20/02/2019 1:00 PM GMT+7 TP HCM
Plastic everywhere! This is what Émilie Strady found when she arrived in Ho Chi Minh City, Vietnam, in 2013. “The level of plastic pollution in the Saigon River is impressive”, exclaims the IRD researcher from the Institut des Géosciences de l’Environnement (IGE or Institute of Environmental Geosciences), whose research has been published recently. However, the researcher was not there to study this type of pollution, only metal pollution. Undeterred by this finding, she decided to expand her research theme and therefore look into aquatic contamination by micro-plastics - smaller than 5 mm - and macro-plastics – larger than 5 mm. While this is a popular topic in the ocean environment, it remains largely unstudied in fresh water, least of all in a developing country.
In conjunction with Parisian researchers from Laboratoire Eau Environnement et Systèmes Urbains (LEESU or Water, Environment and Urban Systems Laboratory), who work on the pollution of the Seine River, Émilie Strady adapted the methodology used to collect plastic contaminants to the Vietnamese situation. “For micro-plastics, plankton nets are generally used, as their mesh size is 300 micrometres, she points out. However, the concentration in the river is such that they fill far too quickly during the usual immersion time”. This time was therefore reduced from 30 minutes to 1 minute! For macro-plastics, samples are supplied by Ho Chi Minh City’s waste management services. “They collect waste floating in the canals every day. Only that captured by nets with a 2 cm mesh size is taken into account”, stresses the researcher.
The content of each filter is then analysed at the Asian Water Research Centre (CARE) where Émilie Strady is posted, and the results are unequivocal in terms of the water quality of the Saigon River: the concentration in macro-plastics is 700 times higher than that of a river running through a major city in a developed country, such as the Seine, while that of micro-plastics is 1,000 times higher. In micro-plastics, Émilie Strady and her partner Kieu-Le Thuy Chung have identified fragments, fibres such as gore-tex or nylon from fishing nets, granules used by plastic industries, polystyrene from food packaging which breaks down rapidly, etc. Macro-plastics consist primarily of fragments of plastic bags and bottles.
The results highlight the mismanagement of waste, with 350 to 7,270 g per inhabitant per year of land-based plastic waste entering the river.
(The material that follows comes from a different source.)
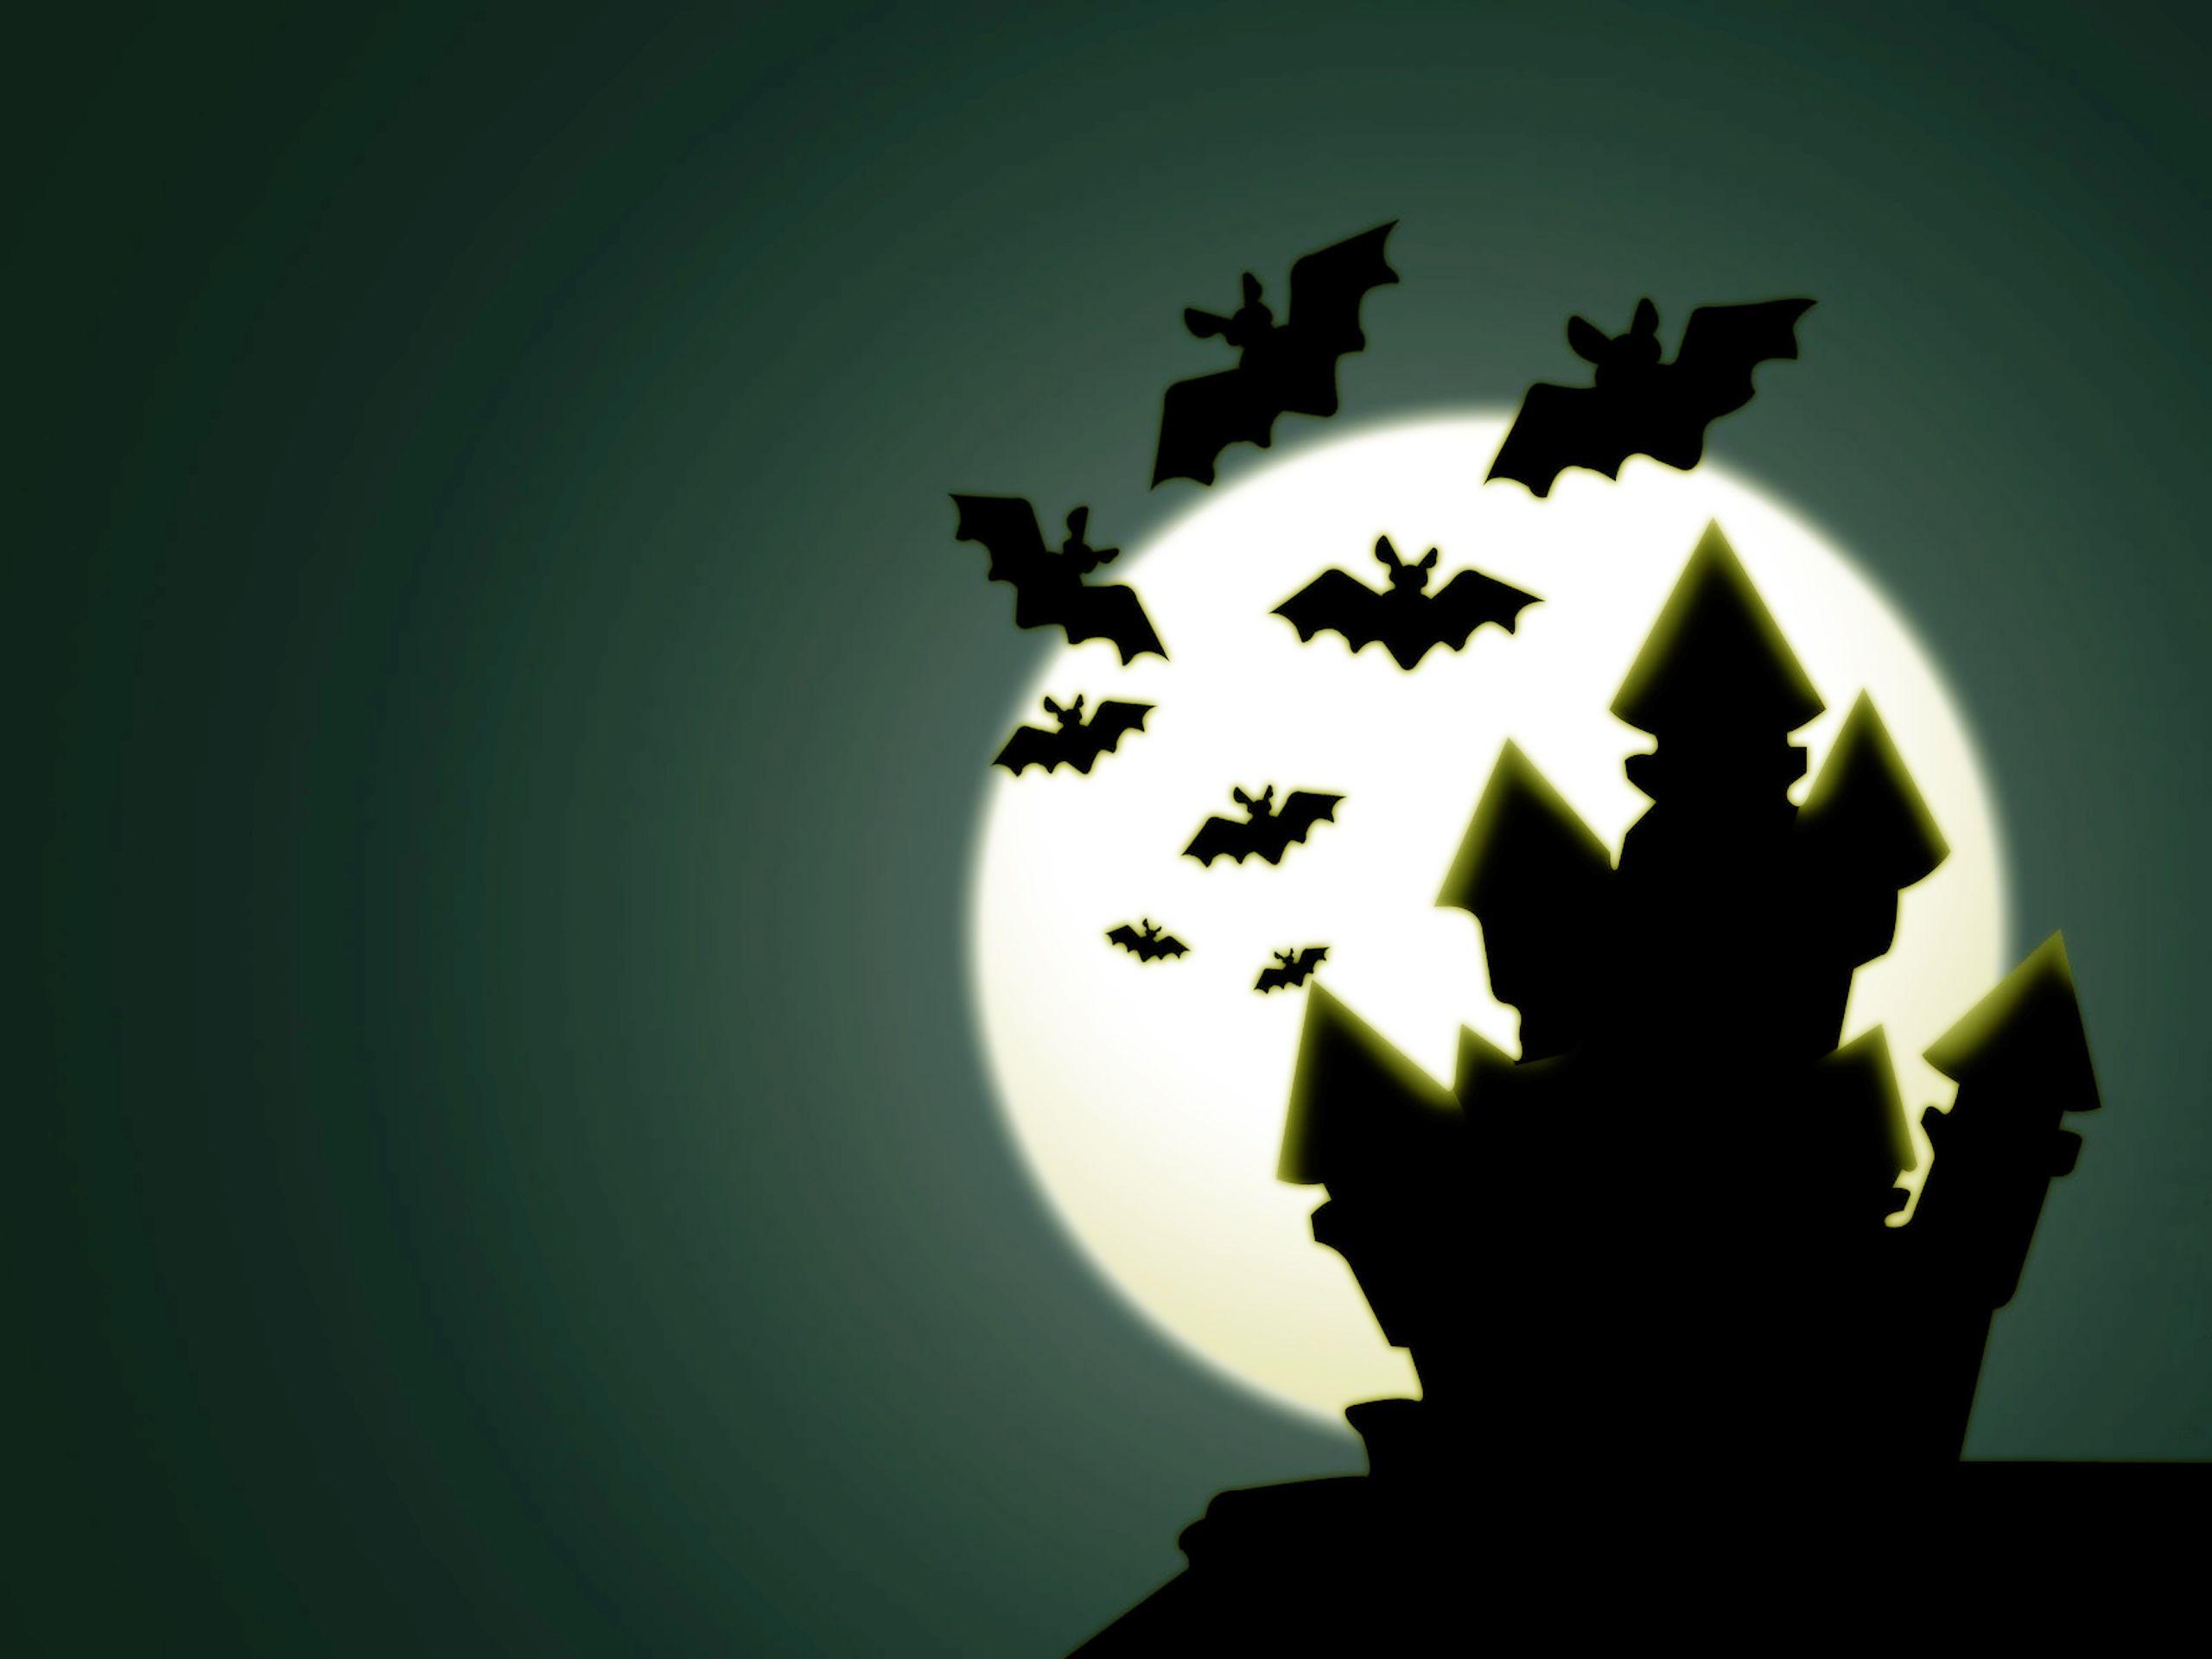 Good Wallpaper Halloween Pinterest - 45ecd6234f562e9a0a54a0a5f5b30cd3  You Should Have_98135.jpg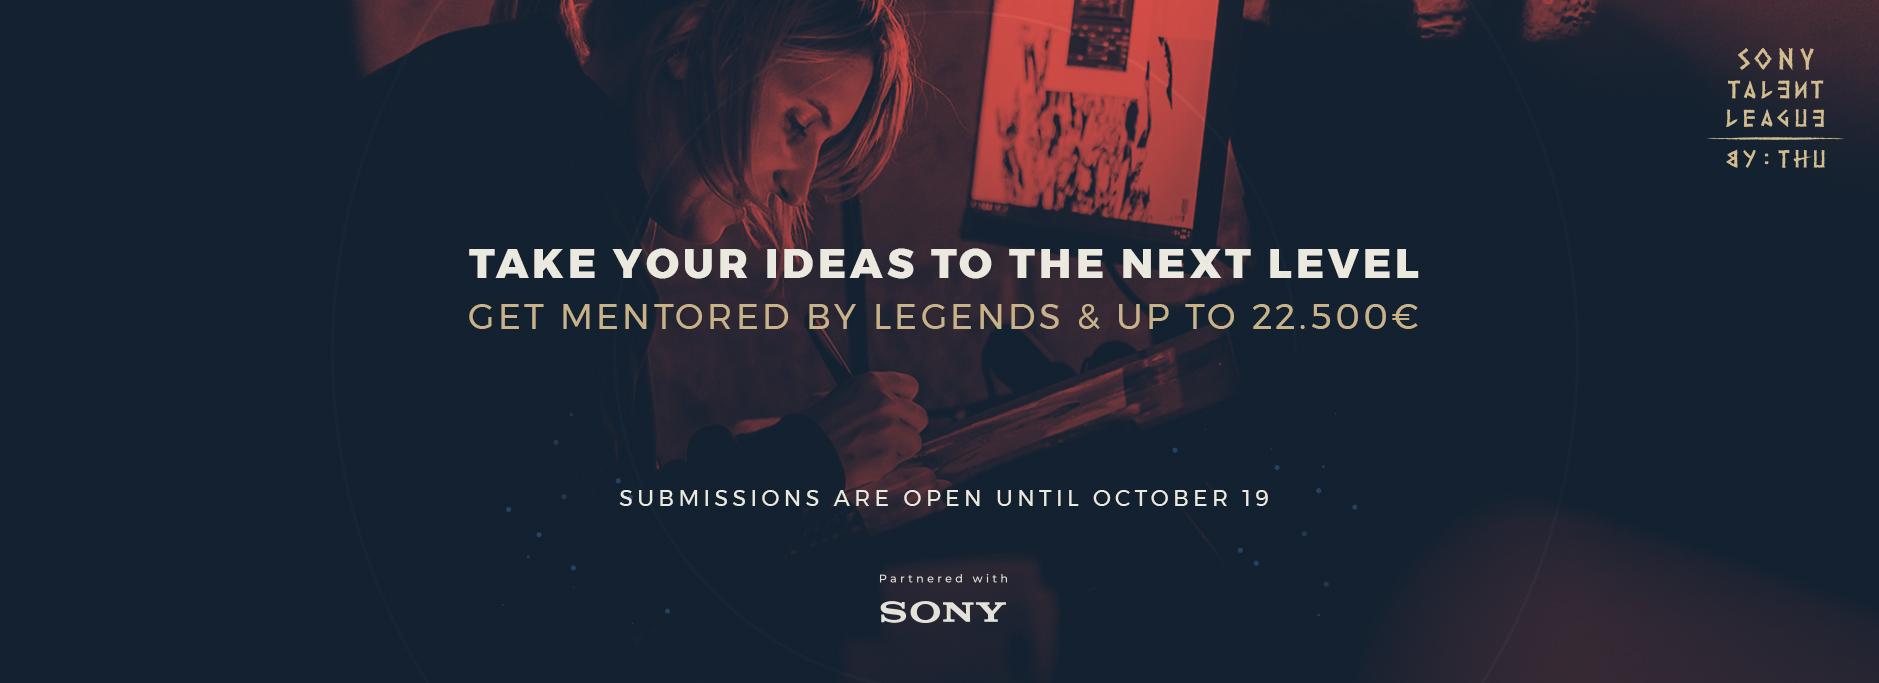 Sony Talent League

In addition, 92% of the fibres are of synthetic origin, which is consistent with the strong presence of the textile industry in the watershed of the Saigon River. “Industrial companies treat their wastewater discharge but the treatments are not suitable for fibres”, Émilie Strady laments.
These results are of interest to local authorities as they strive to improve water management. Efforts are being made to study the life cycle of plastic, by defining the spatial and temporal dynamics of this pollution in the water of estuaries, sediment, seafood, etc.